▶
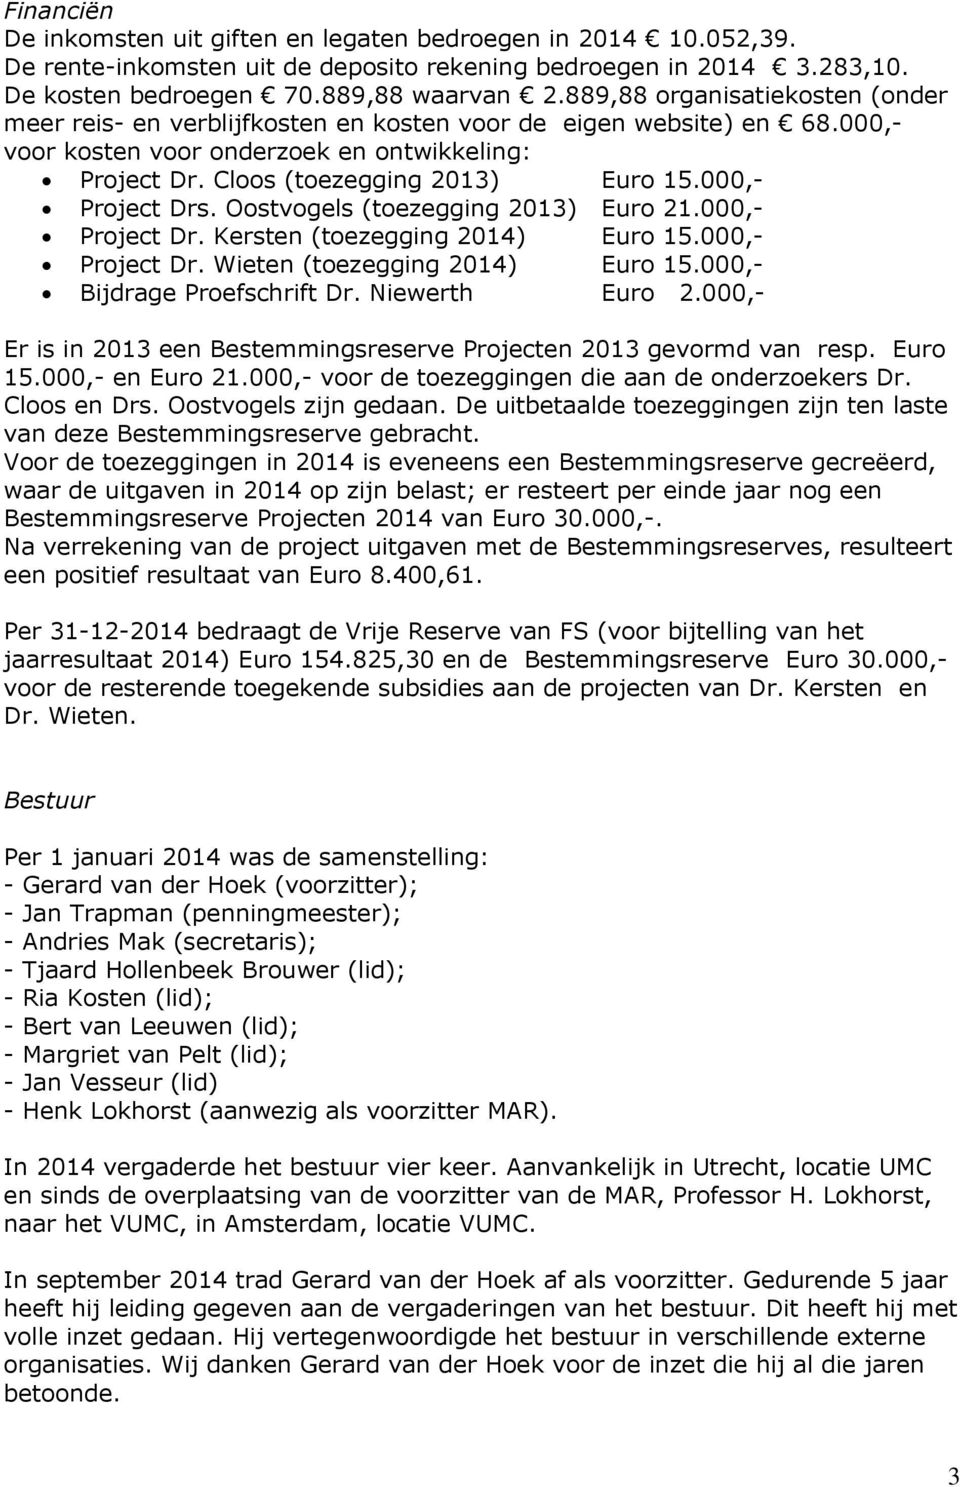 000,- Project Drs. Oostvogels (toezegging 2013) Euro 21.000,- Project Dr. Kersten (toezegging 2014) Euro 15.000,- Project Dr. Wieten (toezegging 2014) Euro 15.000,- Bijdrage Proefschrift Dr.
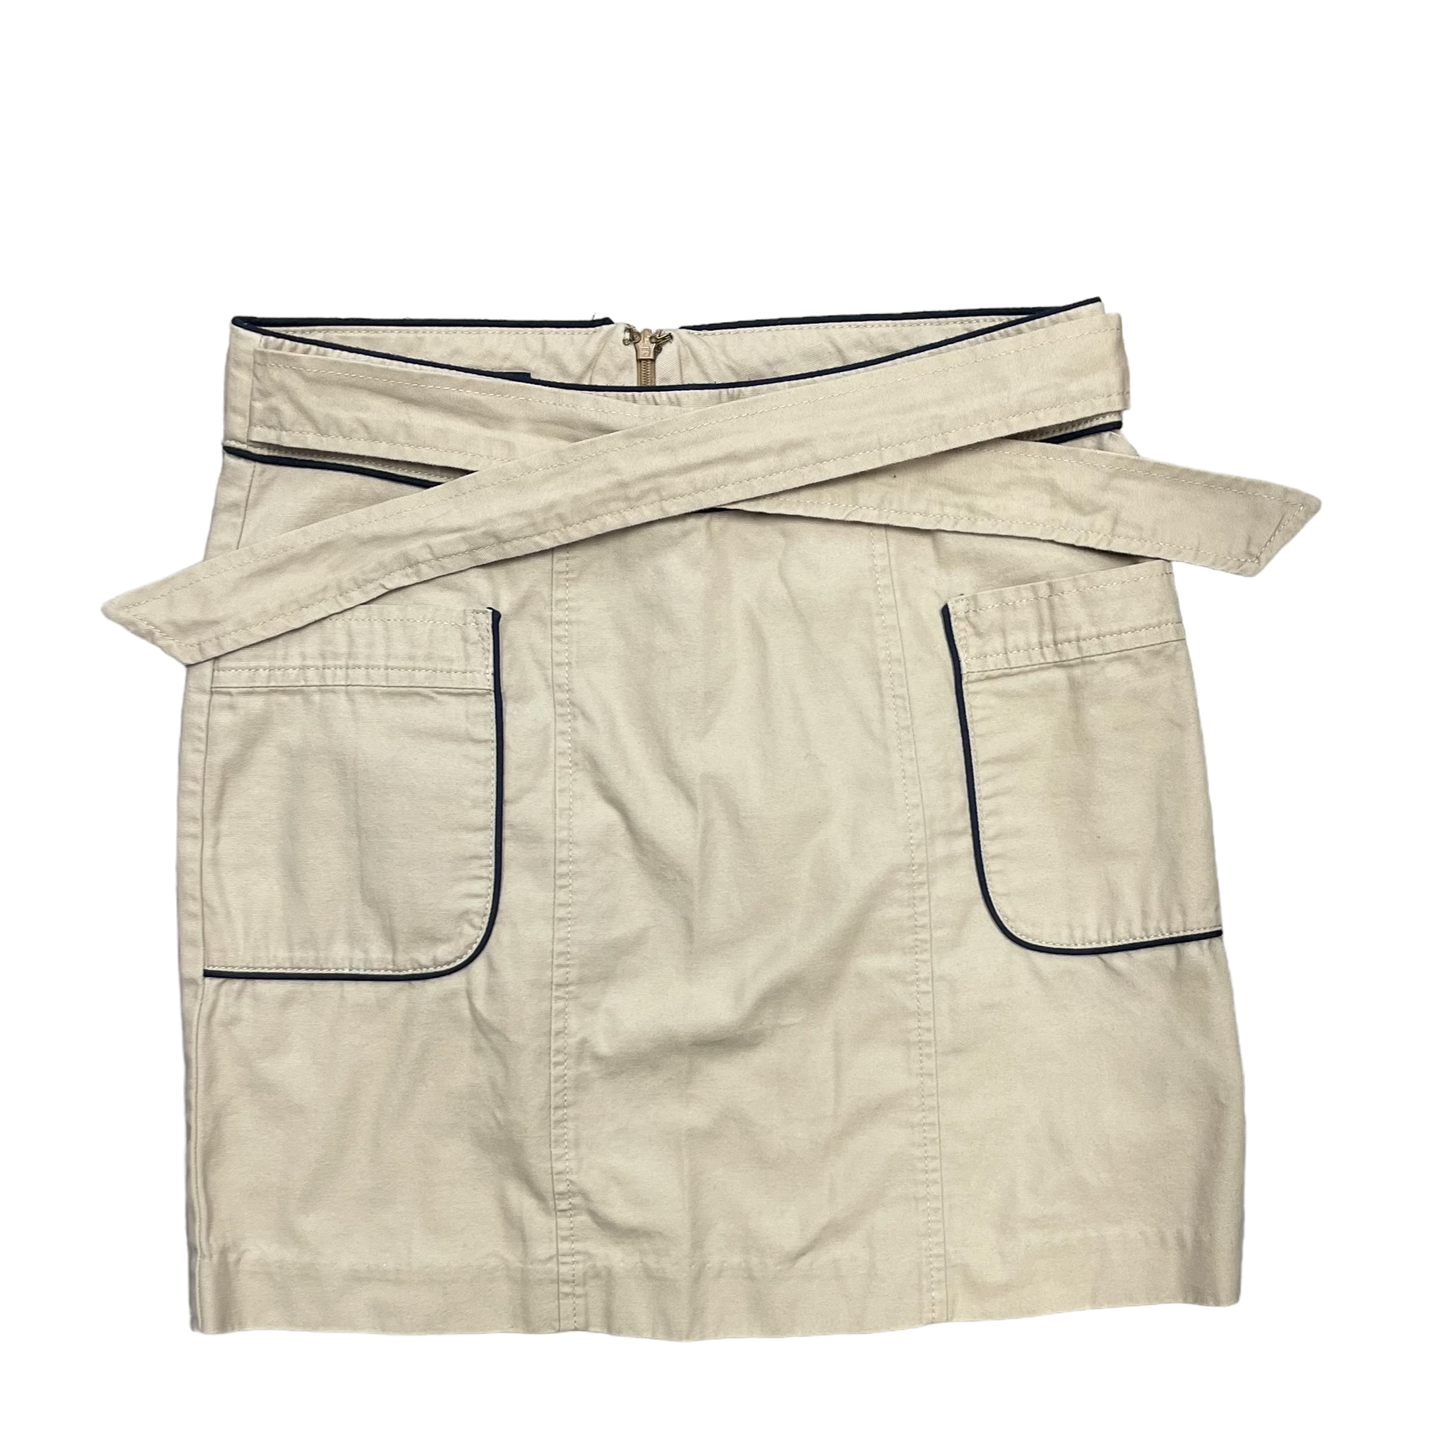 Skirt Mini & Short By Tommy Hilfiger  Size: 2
◀
▶
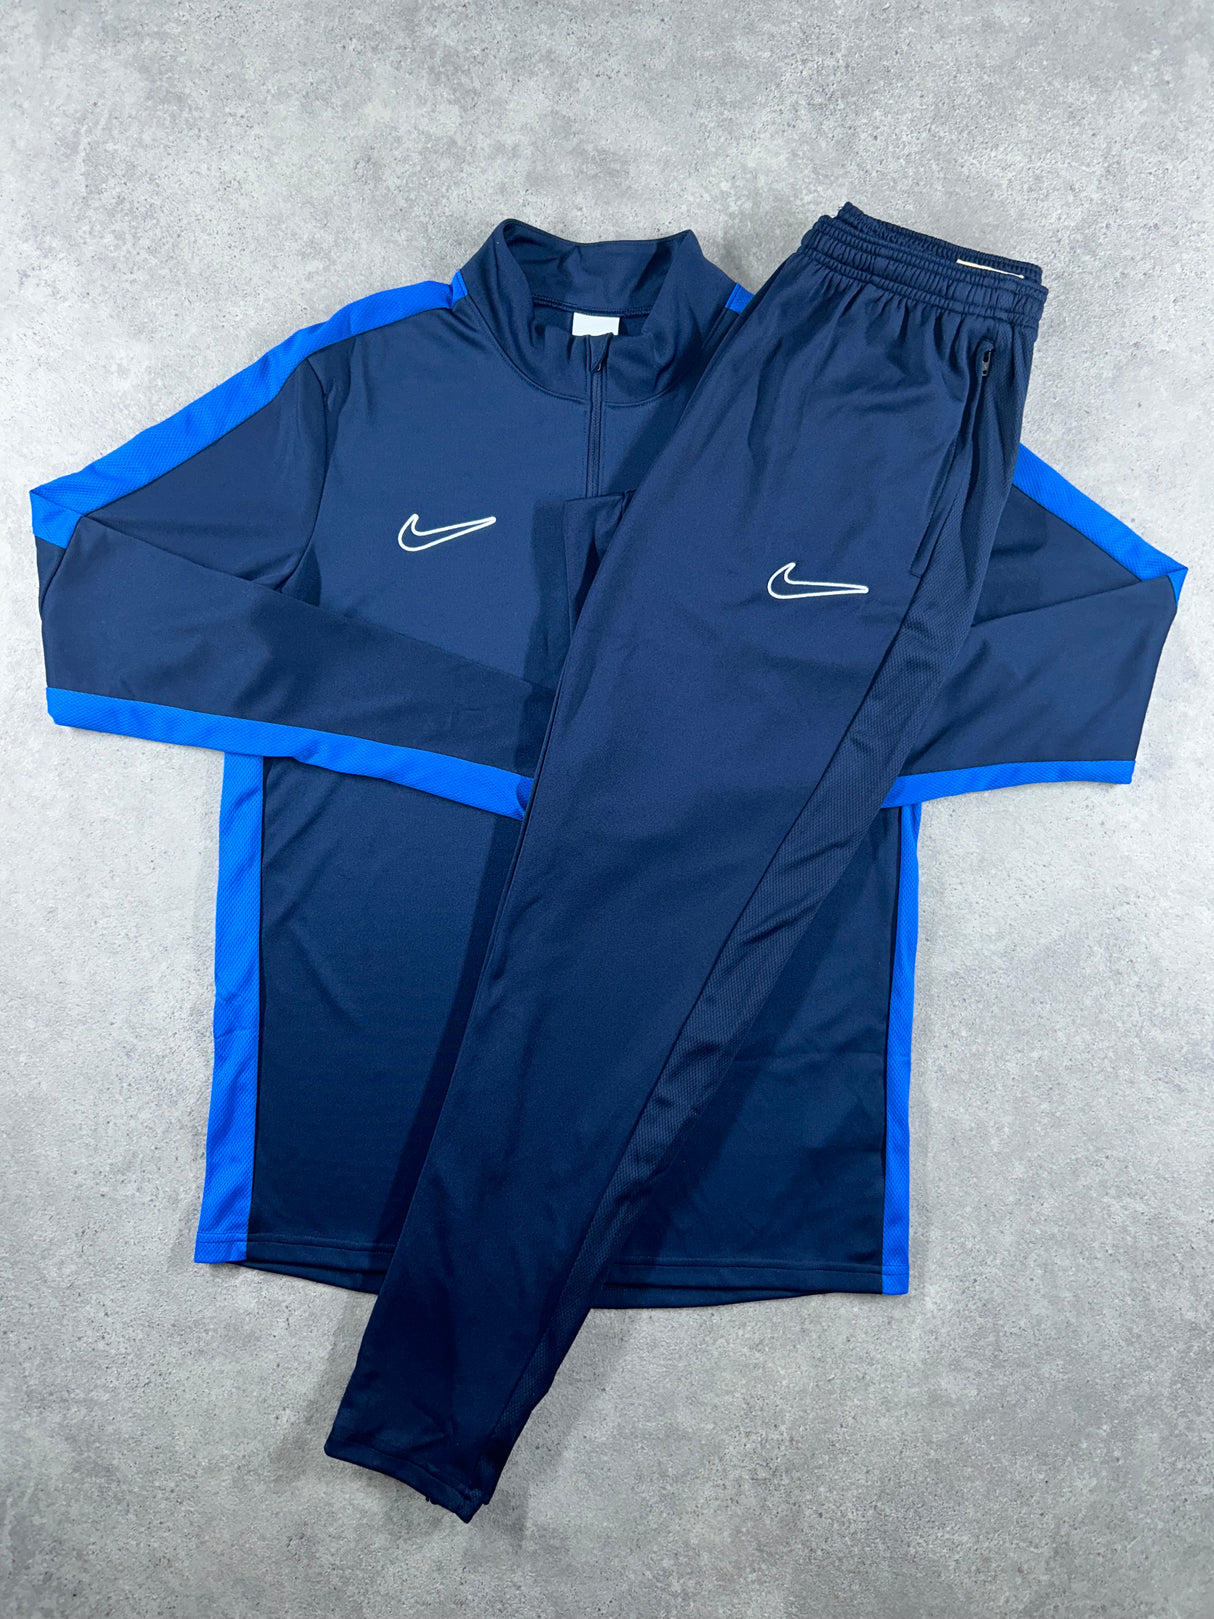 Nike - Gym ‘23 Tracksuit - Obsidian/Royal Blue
◀
▶
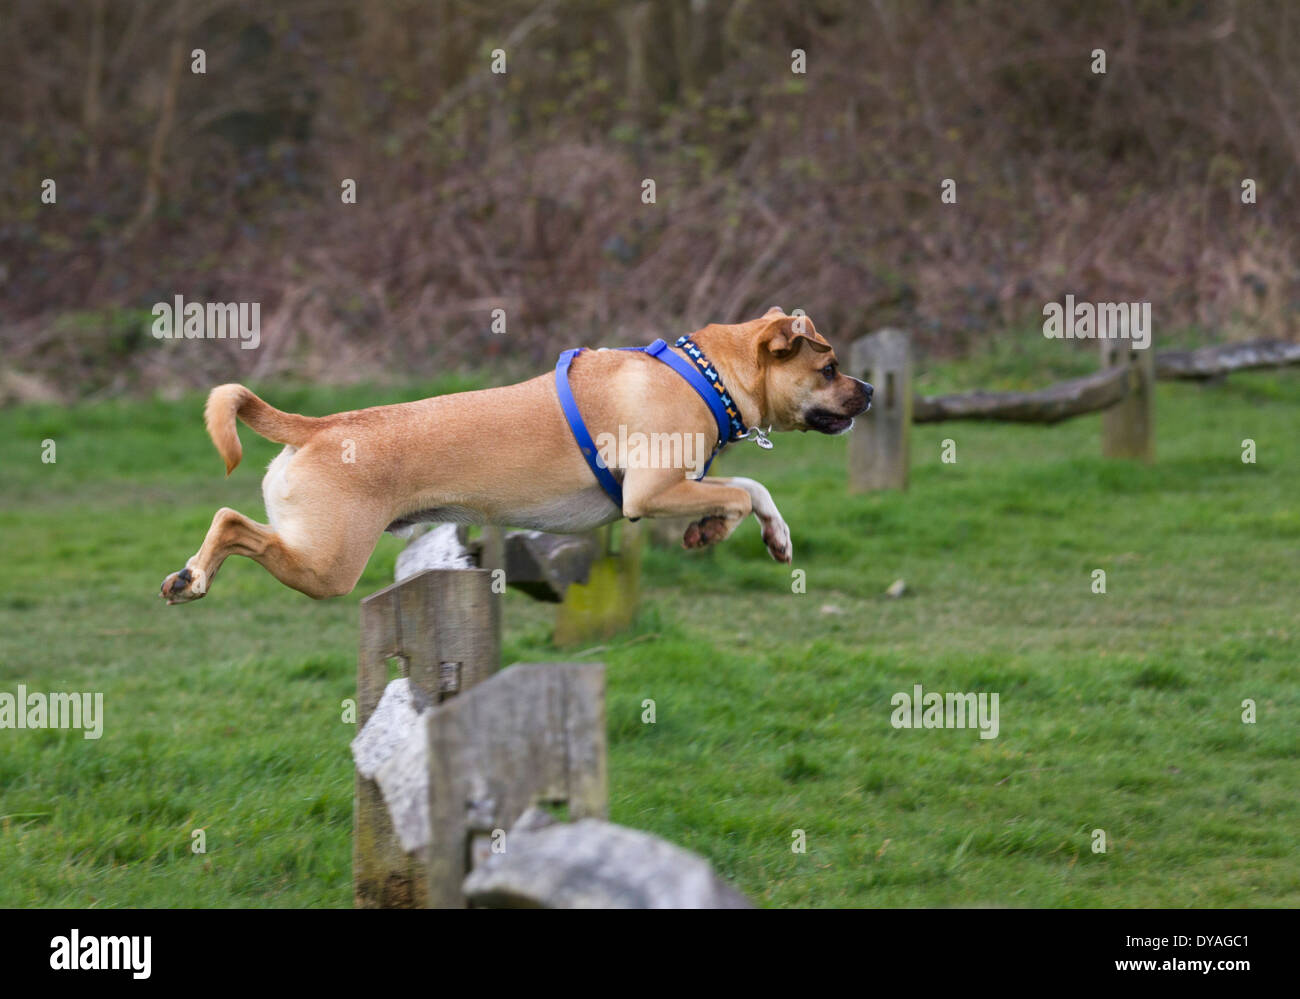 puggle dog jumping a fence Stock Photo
◀
▶ **WHAT IS REQUIRED**
From the material above, give again exactly the lines from the one that contains "000,- Project Drs." through the one that contains "Skirt Mini &", and leave out the pictures.

▶ **RESPONSE**
 000,- Project Drs. Oostvogels (toezegging 2013) Euro 21.000,- Project Dr. Kersten (toezegging 2014) Euro 15.000,- Project Dr. Wieten (toezegging 2014) Euro 15.000,- Bijdrage Proefschrift Dr.
 Skirt Mini & Short By Tommy Hilfiger  Size: 2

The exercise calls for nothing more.